I'll give bounties to people who suggest reasonable improvements to the criteria.
https://www.twitch.tv/claudeplayspokemon
Anthropic has taken the benchmark world by storm by assessing model performance against Pokèmon:

https://www.anthropic.com/news/visible-extended-thinking
Will any large language model become a Pokèmon Master by the end of 2025? To count, it must:
Complete a regular (being any of the base games like red/gold/sapphire/black/etc) Pokemon game, by getting all gym badges and beating the Elite 4 + rival.
Without assistance or steering mid-game. This means help specific to something it's stuck on that's not general. Tweaks to the system midway through are fine as long as it's in the spirit of general improvements, as in, the LLM should be able to complete the game end to end afterwards without additional changes. This description is in the spirit of small tweaks being able to be made to Claude Plays Pokemon without negating the validity of the run. That being said, if they become more loose with hints and unblocking it, it will not count.
With minimal non-LLM programmatic assistance. I think the automatic pathfinding that Claude is using is a little bit cheating, if that helps with the spirit of this market. Something roughly twice as bad would maybe start to not count.
Fine-tuning or reinforcement learning specific to Pokemon (or video games in general) is not allowed.
Any number of attempts are allowed, as in, the model can try an infinite number of times. I reserve the right to disqualify an attempt if it involves obscene abuse of save states, though.
RAG, knowledge files, custom system prompts, and interesting input/output schemes are all allowed. Anthropic has an interesting approach with Claude.
See also: /Sketchy/will-claude-become-a-pokemon-master-ng2zSA9ync
Update 2025-03-03 (PST) (AI summary of creator comment): Midgame Assistance Updates:
Allowed: Adjustments or tweaks made during the game are permitted, provided they are not directly hinting towards or addressing specific blockers.
Disallowed: Any midgame adjustments that serve as direct hints to overcome explicit obstacles in the game.

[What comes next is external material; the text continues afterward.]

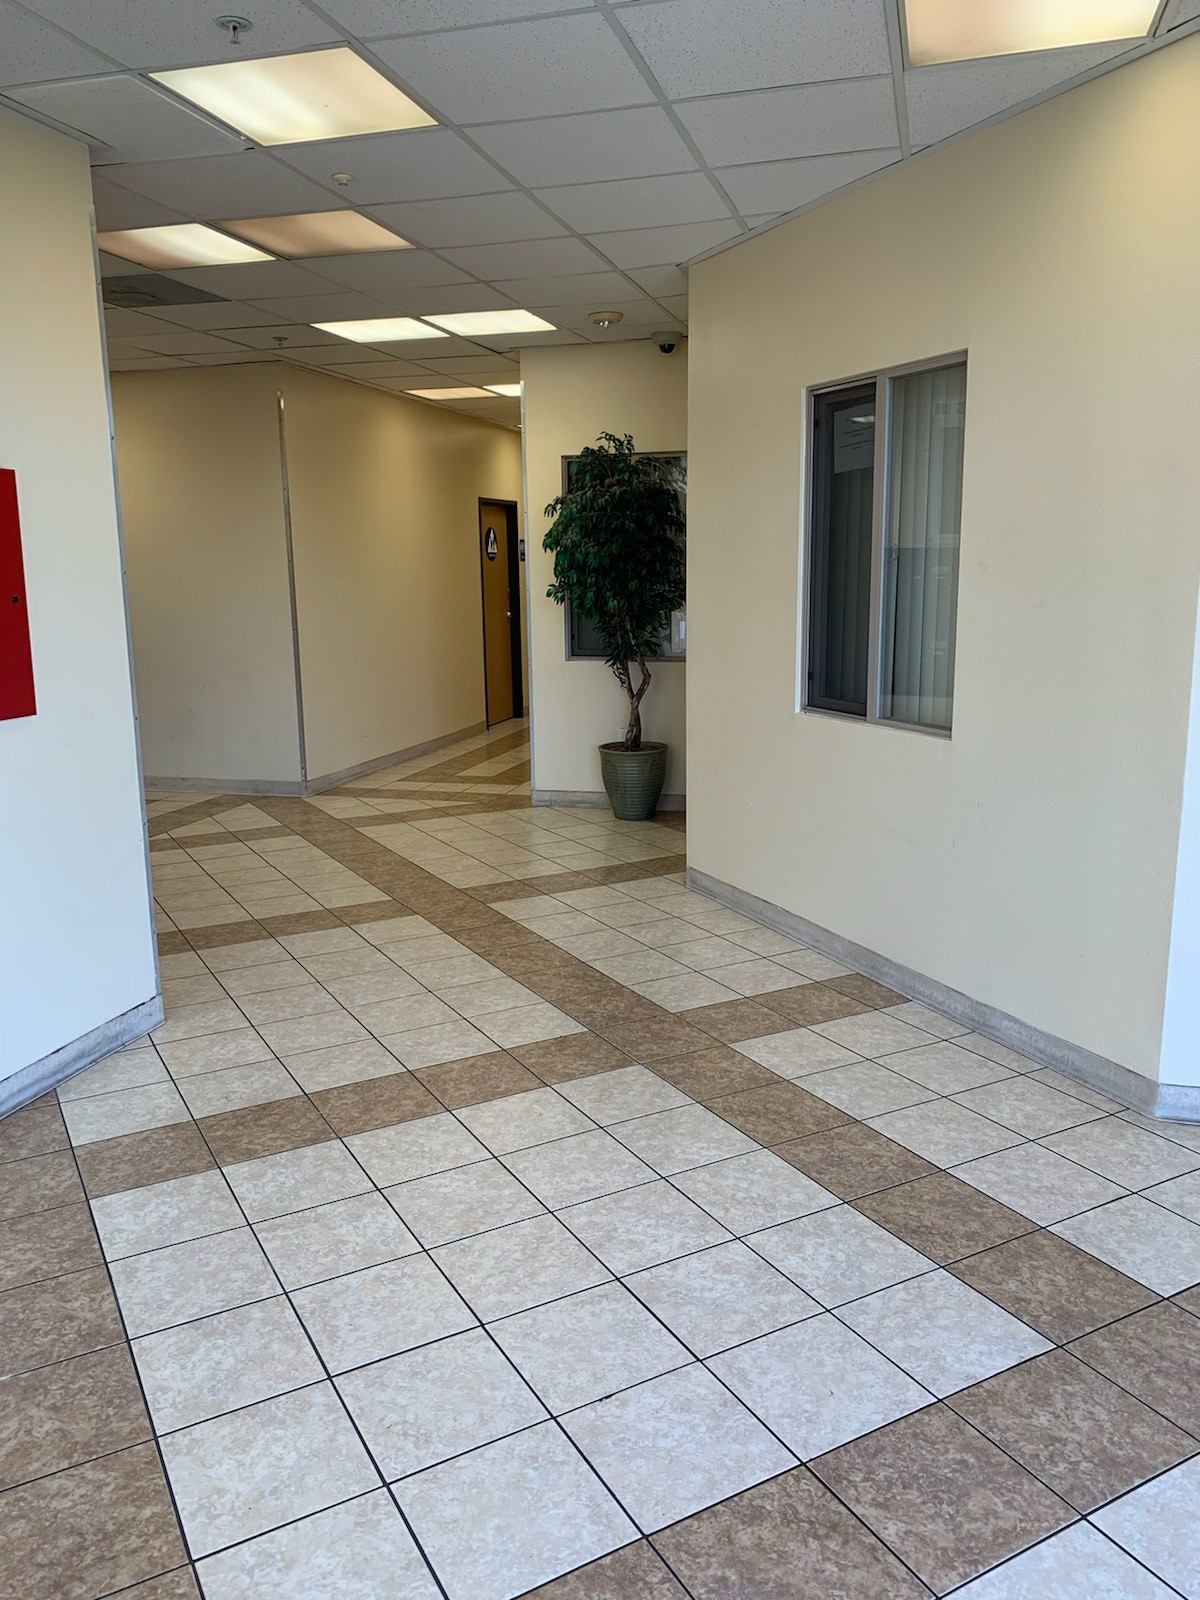 Lobby area with a reception window, a floor plant, and a gender neutral restroom in the back. Floor is tiled.

Update 2025-05-02 (PST) (AI summary of creator comment): Based on a discussion about a specific LLM run (Gemini 2.5 Pro beating Pokémon Blue):
The creator agreed that this specific run does not count towards market resolution.
The reason cited was that substantial mid-game changes to the system's structure, such as introducing a separate "strategist" LLM specifically to solve boulder puzzles mid-run, were considered "significantly over the boundary" of allowed mid-game tweaks.
This type of intervention is considered disallowed mid-game assistance specifically targeting blockers, rather than a general system improvement permitted by the rules.
People are also trading
Gemini 2.5 Pro beat Pokémon Blue earlier today. However I don't think it should count as too many substantial changes were made to the scaffolding throughout the run, including ex. allowing the main Gemini to call a separate Gemini with a prompt dedicated to solving boulder puzzles in Victory Road. (a "strategist" Gemini)
In general it was deliberately a pretty loose, experimental run. Later runs may count.
@JulianBradshaw agreed. I think it was significantly over the boundary of mid-game tweaks.
I’ll have to think about if the structure itself of map labelling is too much. Probably not.
@Sketchy I don't know, possibly https://www.lesswrong.com/posts/7mqp8uRnnPdbBzJZE/is-gemini-now-better-than-claude-at-pokemon and https://www.lesswrong.com/posts/8aPyKyRrMAQatFSnG ?
Or https://www.twitch.tv/gemini_plays_pokemon/about ?
Possibly worth waiting until it gets closer to finishing though, as I expect more will be written and it will be easier to decide
@Lorenzo I don't intend to do a detailed writeup on Gemini beating the game, there isn't too much new to say. Here's my quick take on it: https://www.lesswrong.com/posts/ekF2EDwKyZJNuxBTb/julian-bradshaw-s-shortform?commentId=cHqfKsCWtn5T5H4Tr
@JulianBradshaw Thanks!
@Sketchy I found this summary interesting: https://old.reddit.com/r/ClaudePlaysPokemon/comments/1kdjysi/gemini_beats_pokemon/mqblfeh/
@Lorenzo ummm… im going to say no, but I won’t lie it’s in part because it seems a shame to disqualify Claude for a small tweak this early. If they continually tweak it throughout the run, that feels unfair.
I will make some more explicit criteria around this soon, I guess.
@Lorenzo I updated the criteria in a way that allows for this kind of thing midgame, as long as it's not directly hinting towards specific blockers.
Things claude has hallucinated in the 5 minutes I've watched this stream:
- thinks bulbasaur has a type disadvantage against squirtle
- thinks the exit to oaks lab is at the top of the screen
- successfully exited oaks lab, and then went back into it, thinking it was route 1
- went back to the top of the screen after re-entering oaks lab
I don't think 3.7 sonnet is going to be able to do this in any number of tries, I assume it ended up stuck in some sort of infinite loop in the midgame that it couldn't break out of.